This type of self-propelled vacuum cleaner is equipped with a suction nozzle, brush, etc. at the bottom of the main body for the cleaning function, and has running wheels and steering wheels driven by a motor for the movement function, and position recognition that recognizes the position of the main body. The device moves to cover the inside of the cleaning area using the means and the obstacle detection means for detecting obstacles during travel, thereby cleaning the entire cleaning area.

Problems to be Solved by the Invention Such conventional self-propelled vacuum cleaners have had the following problems.

East, 1. With conventional self-propelled vacuum cleaners, it is impossible to clean passages narrower than the width of the main unit, gaps between furniture, etc., and in order to clean such uncleaned areas, a regular vacuum cleaner equipped with a suction hose is required. Requires a separate machine.

2. Since there are many signals input to the judgment processing means from the obstacle detection means, position recognition means, etc., there may be a delay in the process of stopping the main body even when a step on the floor such as a staircase is detected.

3. Depending on cleaning conditions such as the material of the floor or how dirty it is, it may be necessary to change the cleaning section, or optimum cleaning may not be possible, resulting in unnecessary power consumption and noise generation.

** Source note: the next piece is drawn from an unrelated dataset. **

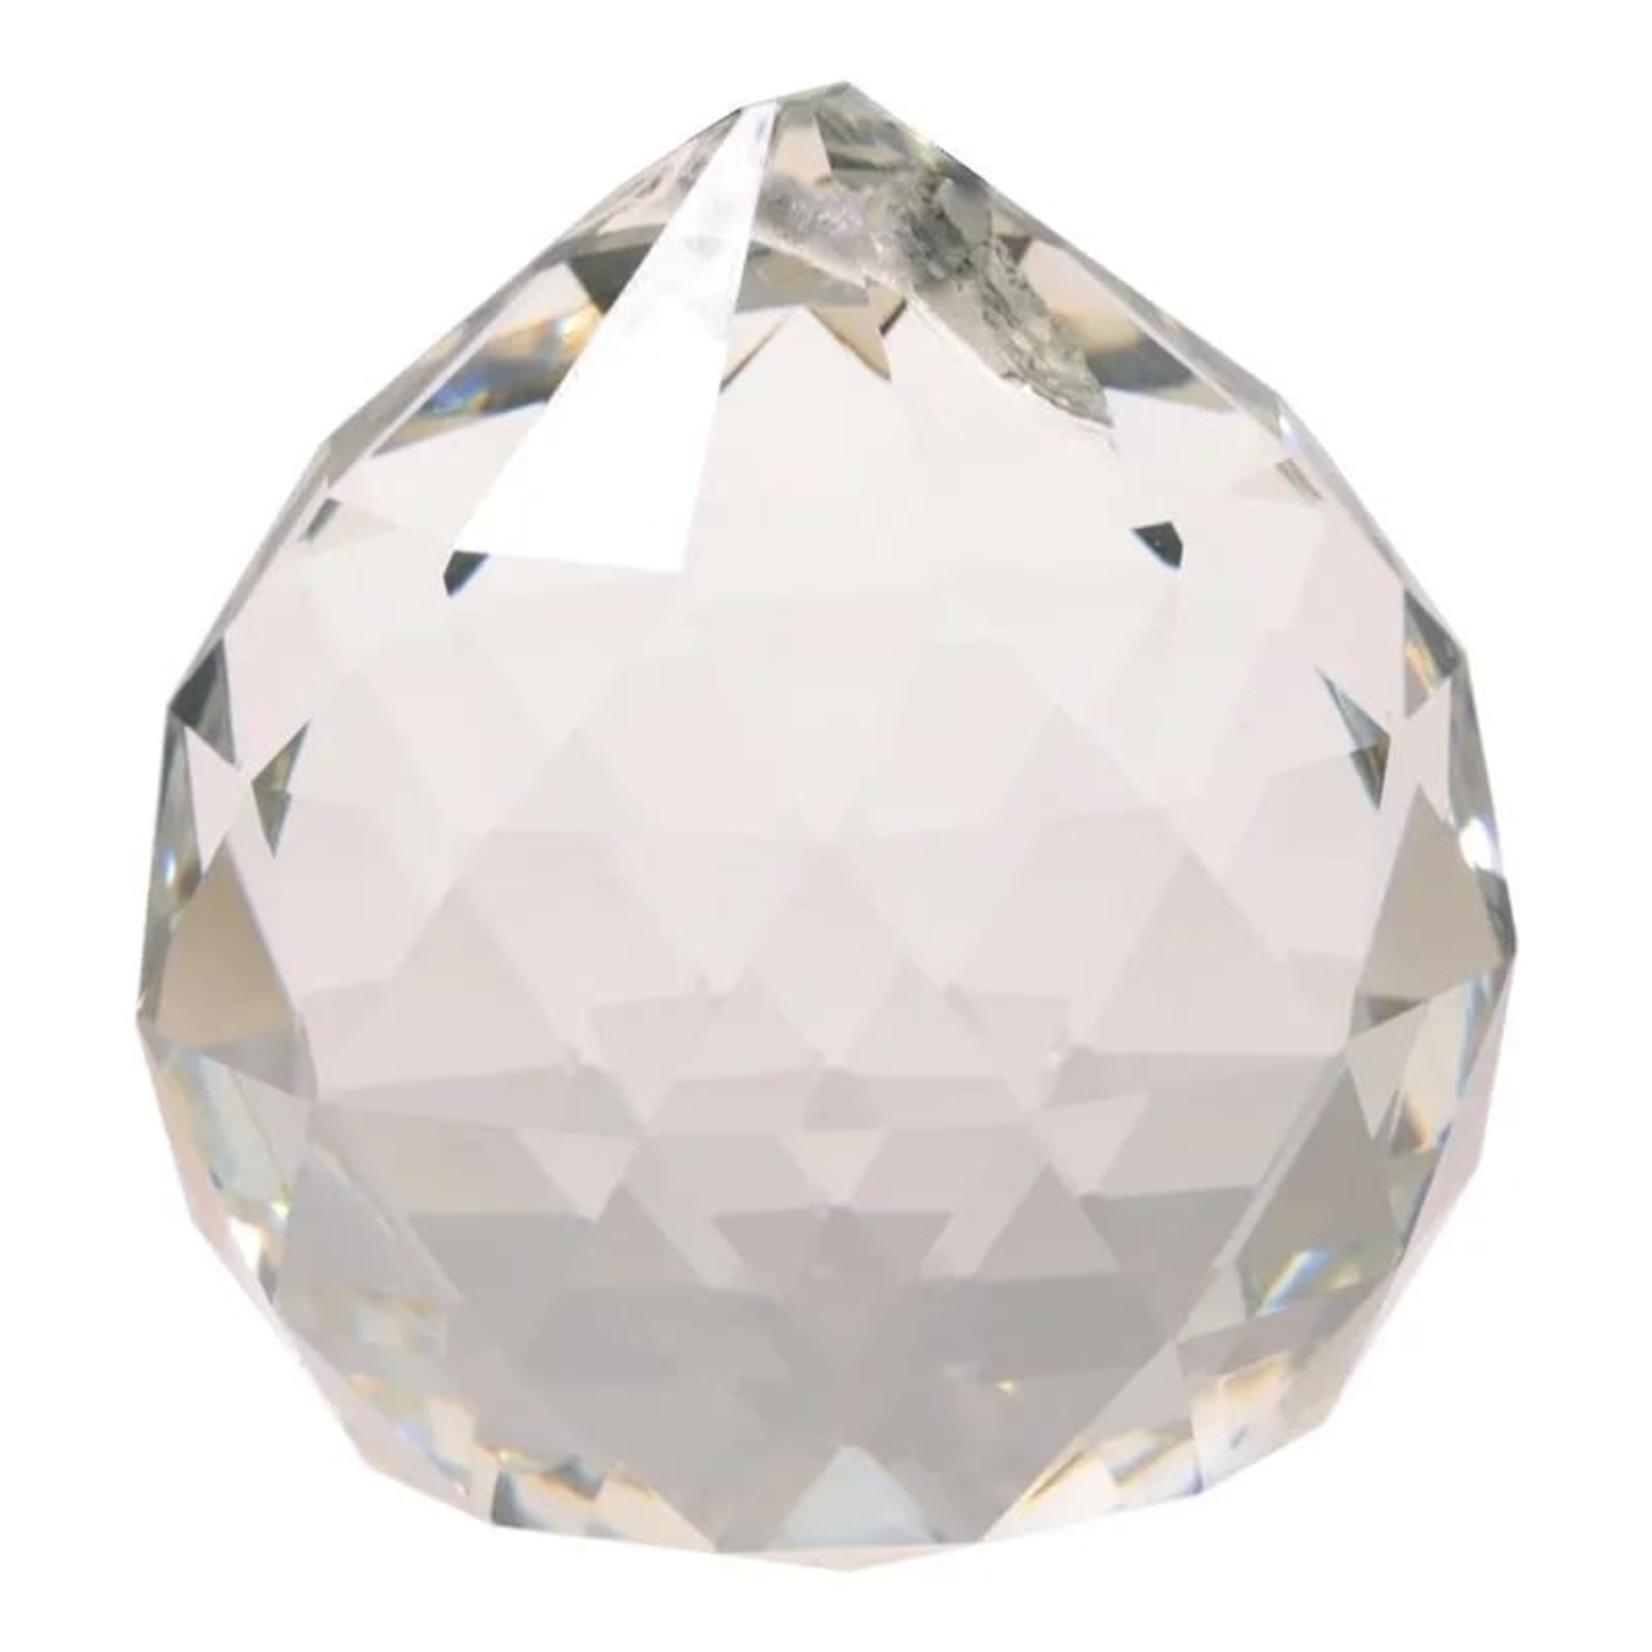 Regenboogkristal - verandert de energie 3cm

4. The shape of the main body is large compared to the cleaning width, making it difficult to handle. There was a problem.

Therefore, the first object of the present invention is to realize a self-propelled vacuum cleaner that has both automatic cleaning function and manual cleaning function in one vacuum cleaner, and in which the main body automatically follows the suction hose during manual cleaning. There is.

The second purpose is to provide a safer self-propelled vacuum cleaner that can immediately stop the main body if it detects a level difference in the floor surface.

A third object is to provide a self-propelled vacuum cleaner that does not require switching of cleaning sections depending on cleaning conditions, and that does not consume unnecessary power or generate noise.

The fourth objective is to realize a self-propelled vacuum cleaner with a compact main body.

Means for Solving the Problems In order to achieve the first object, the self-propelled vacuum cleaner of the present invention includes a cleaning means, a traveling means and a steering means, a judgment processing means, and a suction hose led out from the main body. and a suction hose detection means for detecting the state of the suction hose, and the judgment processing means includes a main processor that determines the moving route of the main body, and a main processor that determines the movement path of the main body, forward movement, backward movement, stoppage, and direction change of the main body based on instructions from the main processor. The first means includes a movement control sub-processor for controlling the movement control sub-processor, and the output signal of the suction hose detection means is input to the movement control sub-processor.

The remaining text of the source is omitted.